Definition
An automatic radio-tuning relationship in which selecting a localizer (LOC) frequency on the navigation receiver simultaneously tunes the matched glide slope (GS) frequency in the UHF band. Each ILS localizer frequency in the 108.10–111.95 MHz range is paired by design with a specific glide slope frequency in the 329.15–335.00 MHz range, so the pilot only needs to set the LOC frequency to receive both signals.
Plain English
When you tune the localizer frequency for an ILS approach, the matching glide slope frequency is selected for you automatically. You only set one number, and the receiver picks up both the side-to-side and up-and-down guidance.
Context Anchor
Seen when tuning and identifying an ILS approach, especially in discussions of how airborne ILS receivers get glide slope guidance.
Derivation
‘Pairing’ here means two things linked together by design. The localizer and glide slope transmit on different bands (VHF and UHF), so without pairing the pilot would have to tune two separate radios.

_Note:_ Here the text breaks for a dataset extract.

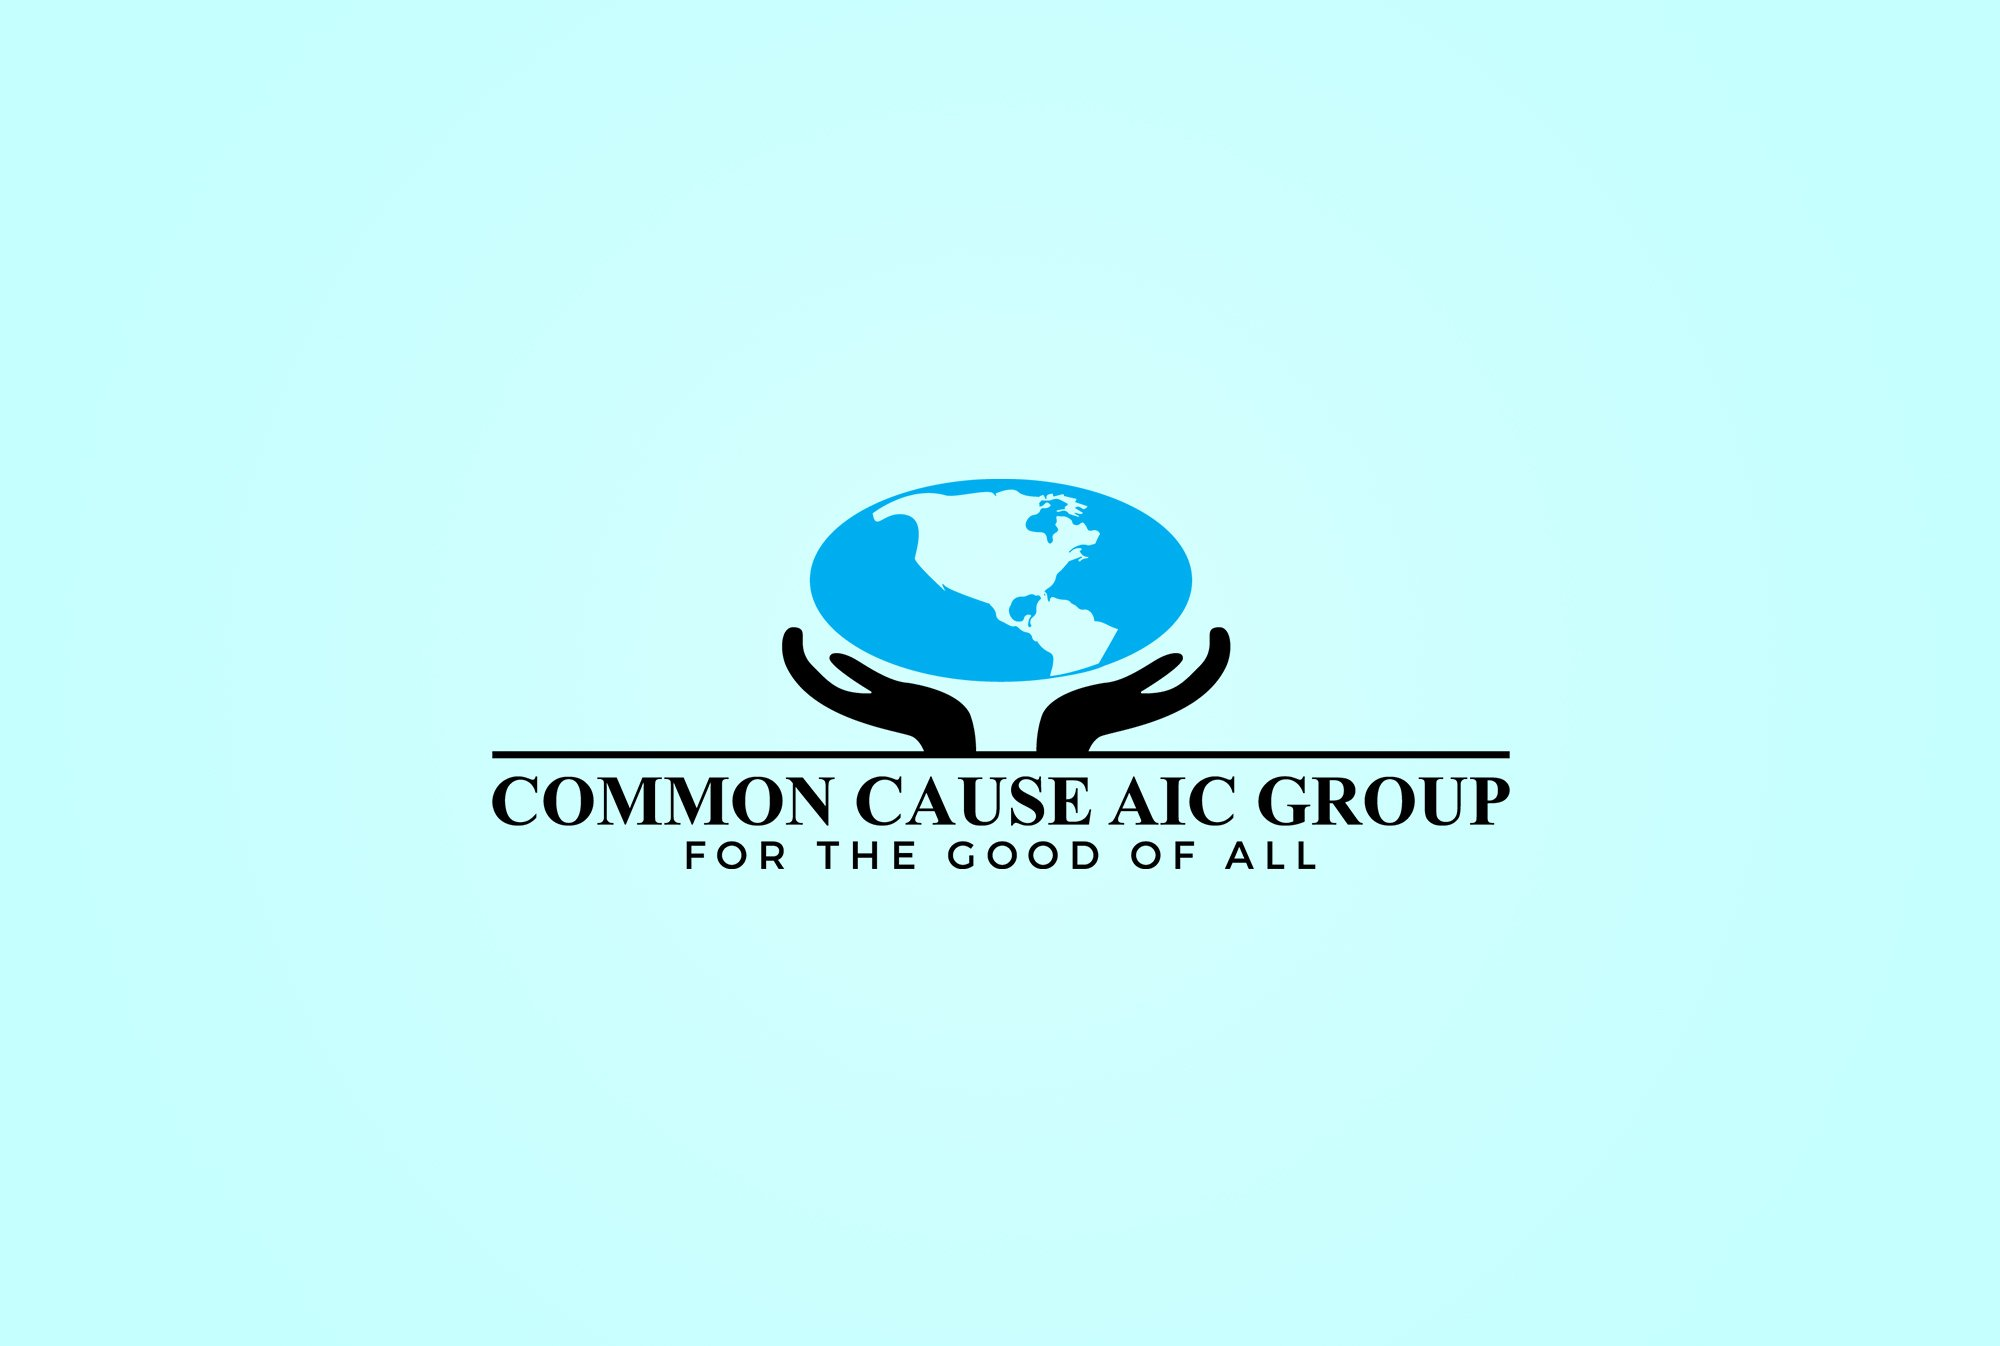  COMMON CAUSE AIC GROUP FOR THE GOOD OF ALL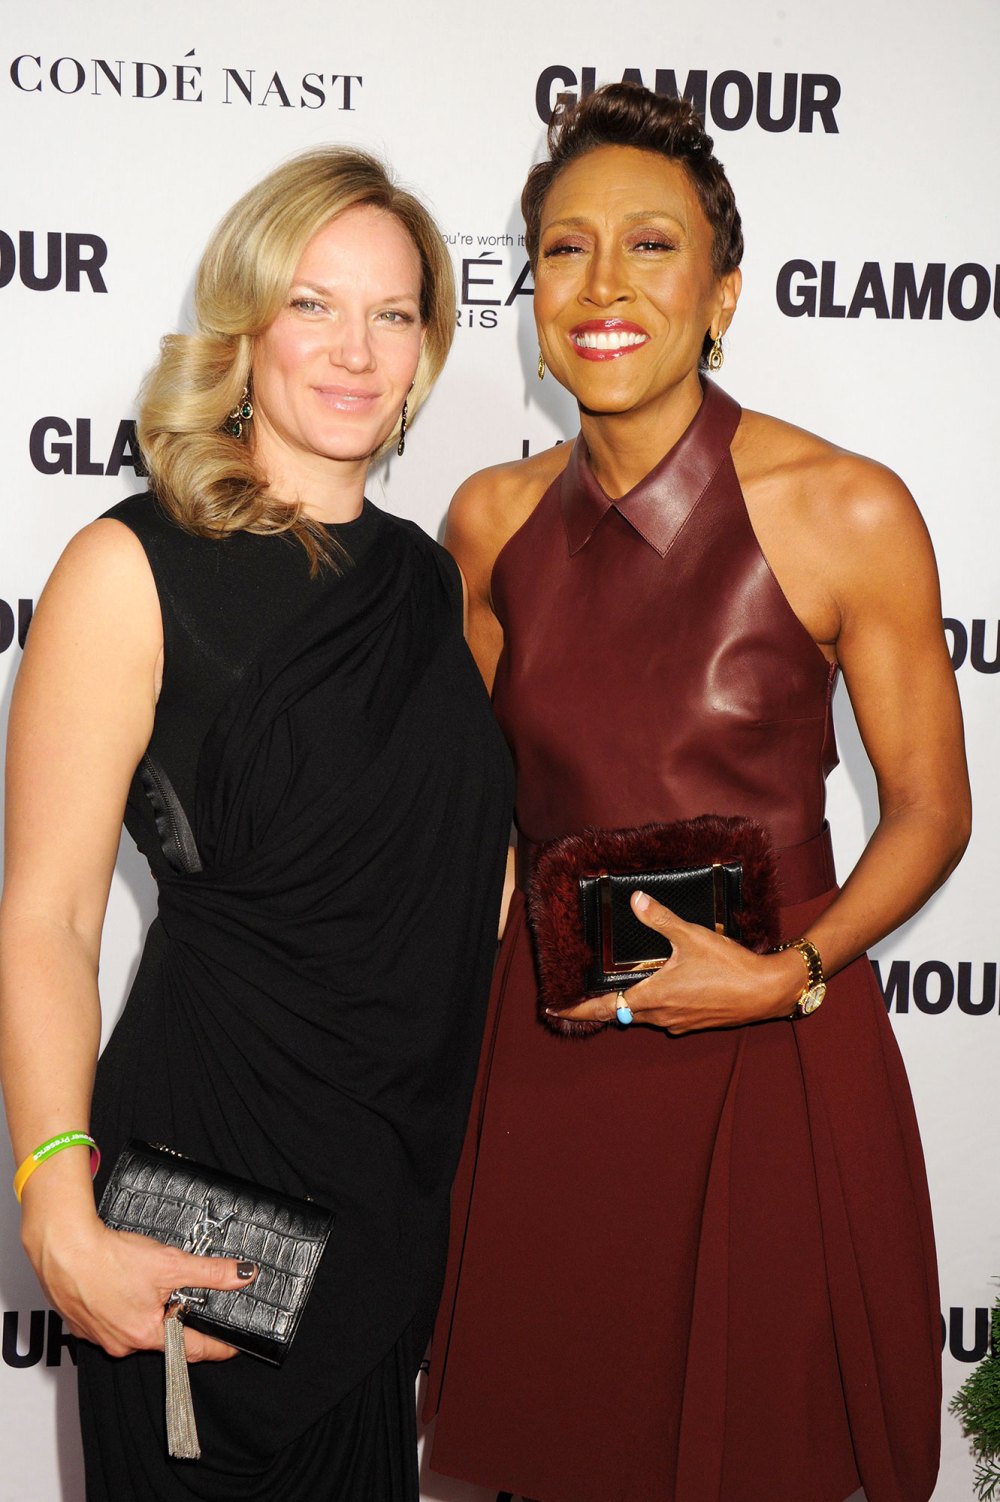 Robin Roberts Says Her Past Health Struggles Brought Her Closer With Fiancee Amber Laign

The pairing is a built-in shortcut.
Why Pilots Care
It reduces cockpit workload and the chance of tuning error during an instrument approach.
Intuition Check
Do not assume GS frequency pairing means the pilot normally dials in two separate frequencies. The usual action is to tune the published ILS/localizer frequency; the glide slope frequency is paired behind the scenes.
Example Sentence 1
After tuning 110.30 for the ILS approach, the matching glide slope came alive thanks to GS frequency pairing.
Example Sentence 2
Because of GS frequency pairing, only one frequency entry is needed to receive both the localizer and glide slope signals on an ILS approach.